◆ **What you need to do**
No pictures go into the copy. Write out exactly the lines below from the one containing "Steve Jobs and Tim Cook." through the one containing "Seamless geometric pattern, based".

◆ **Provided material**
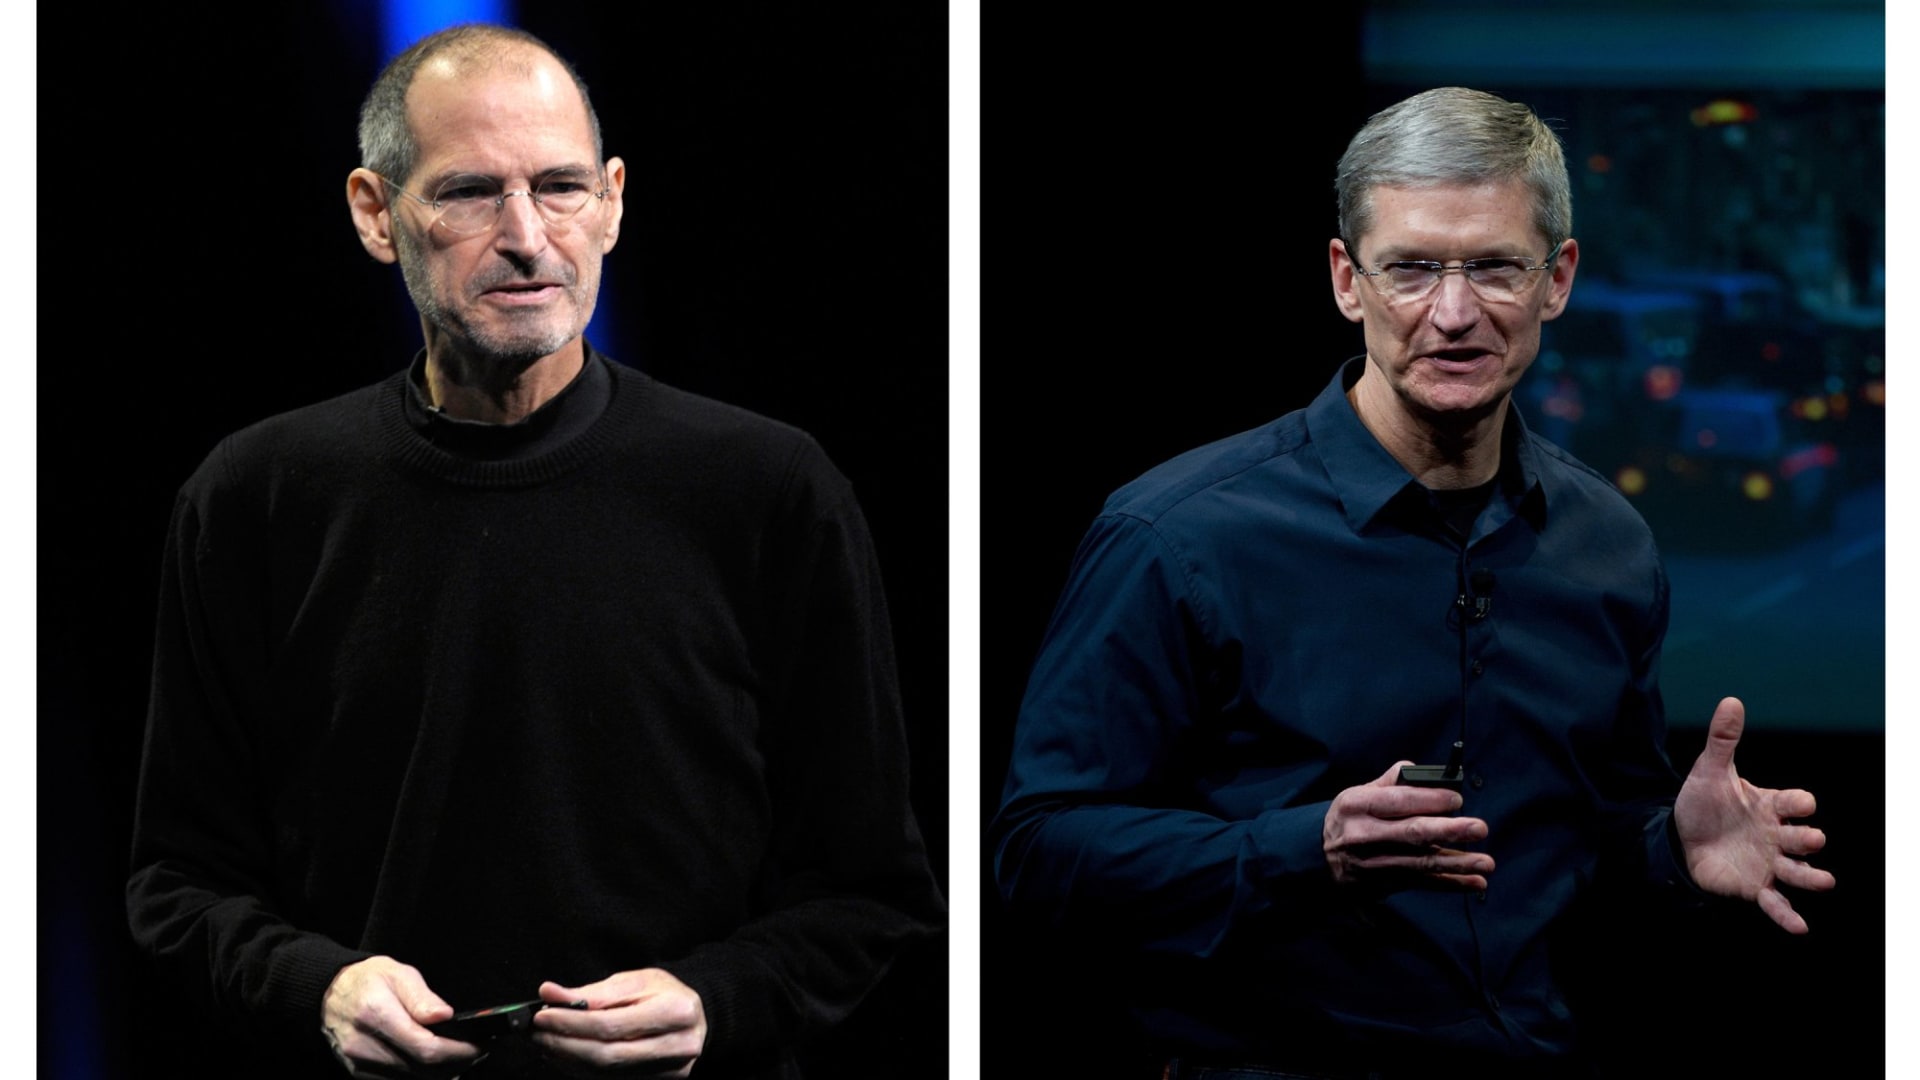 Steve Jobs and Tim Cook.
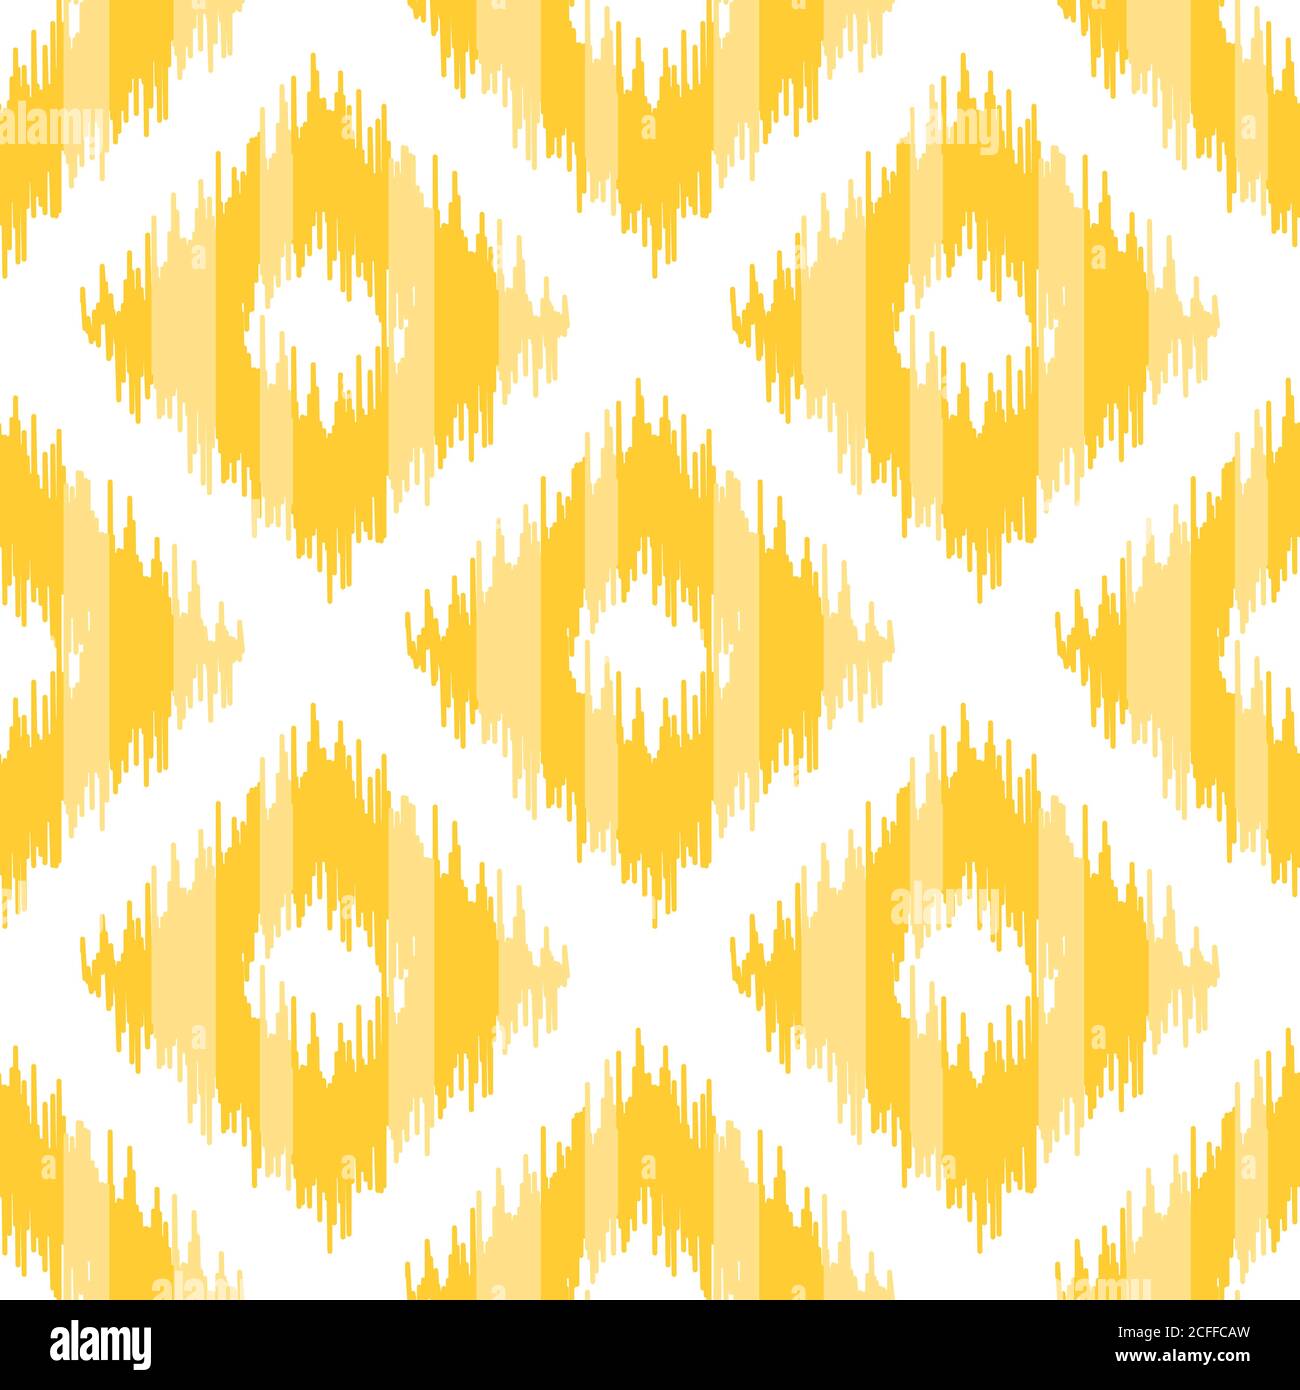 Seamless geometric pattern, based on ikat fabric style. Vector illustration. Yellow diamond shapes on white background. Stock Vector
--
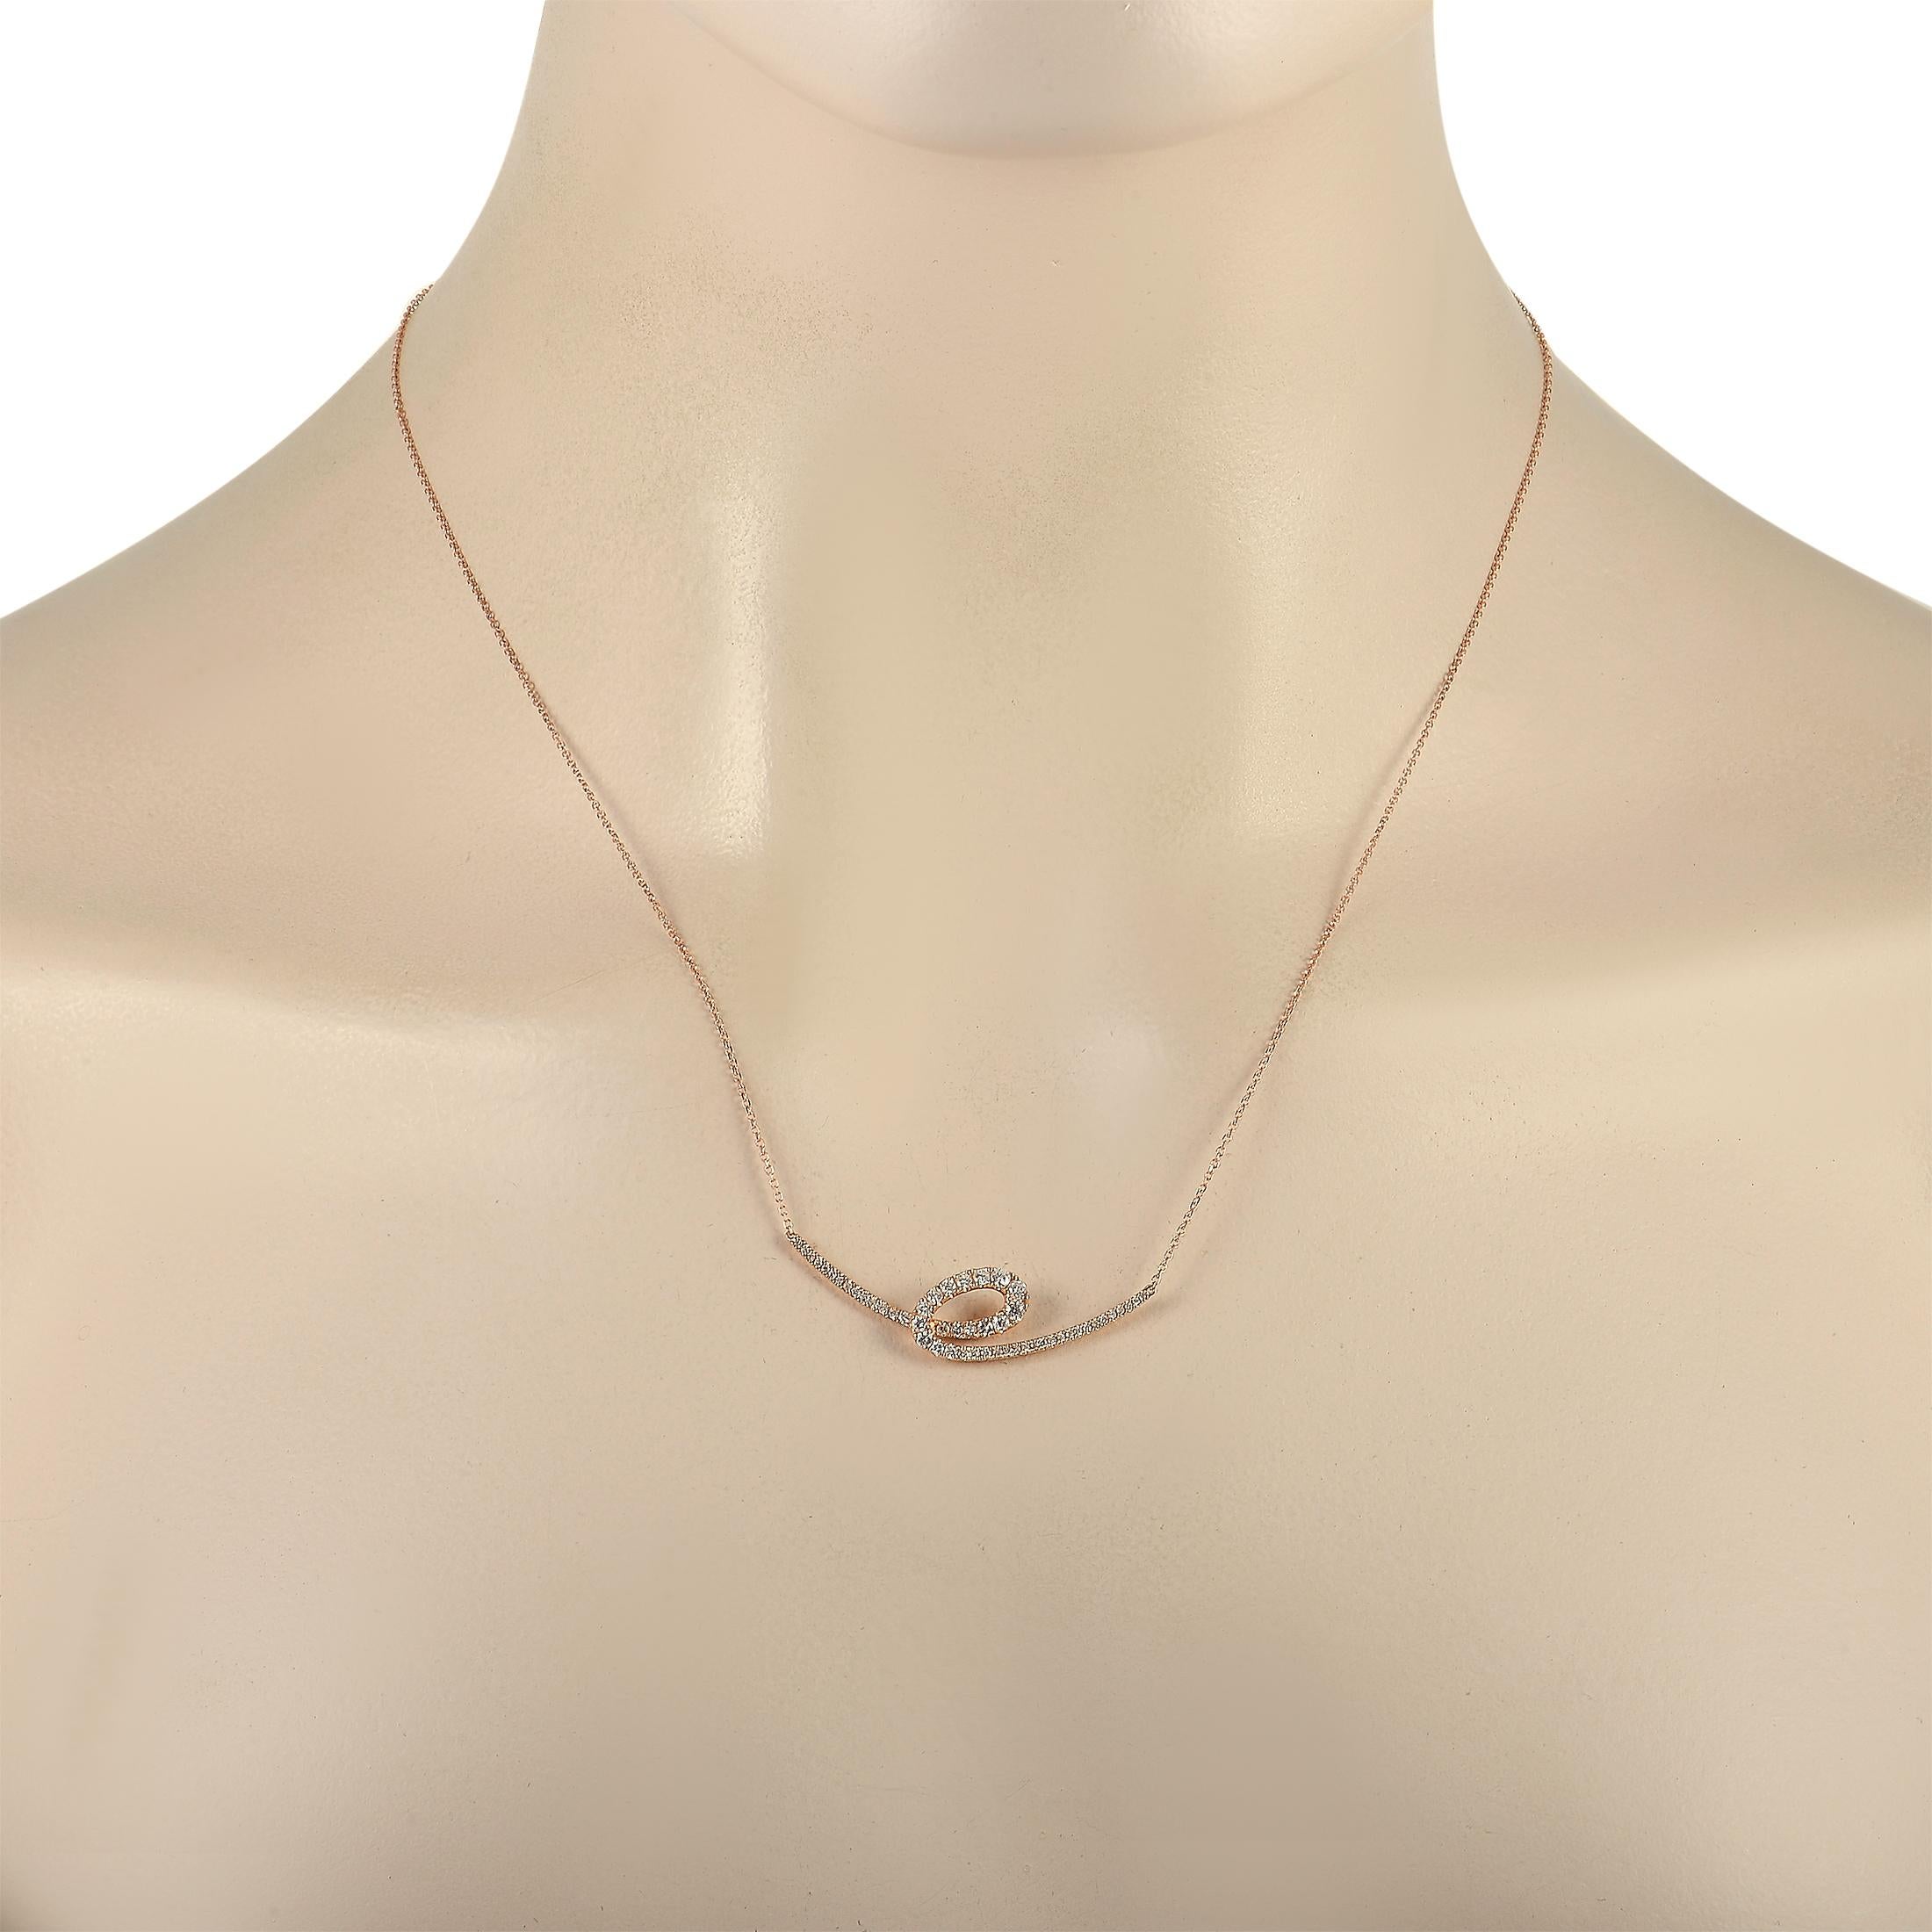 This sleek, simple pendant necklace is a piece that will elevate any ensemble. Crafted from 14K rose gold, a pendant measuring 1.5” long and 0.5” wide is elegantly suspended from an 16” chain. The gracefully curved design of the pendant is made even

◆ **Completed exercise**
 Steve Jobs and Tim Cook.
 Seamless geometric pattern, based on ikat fabric style. Vector illustration. Yellow diamond shapes on white background. Stock Vector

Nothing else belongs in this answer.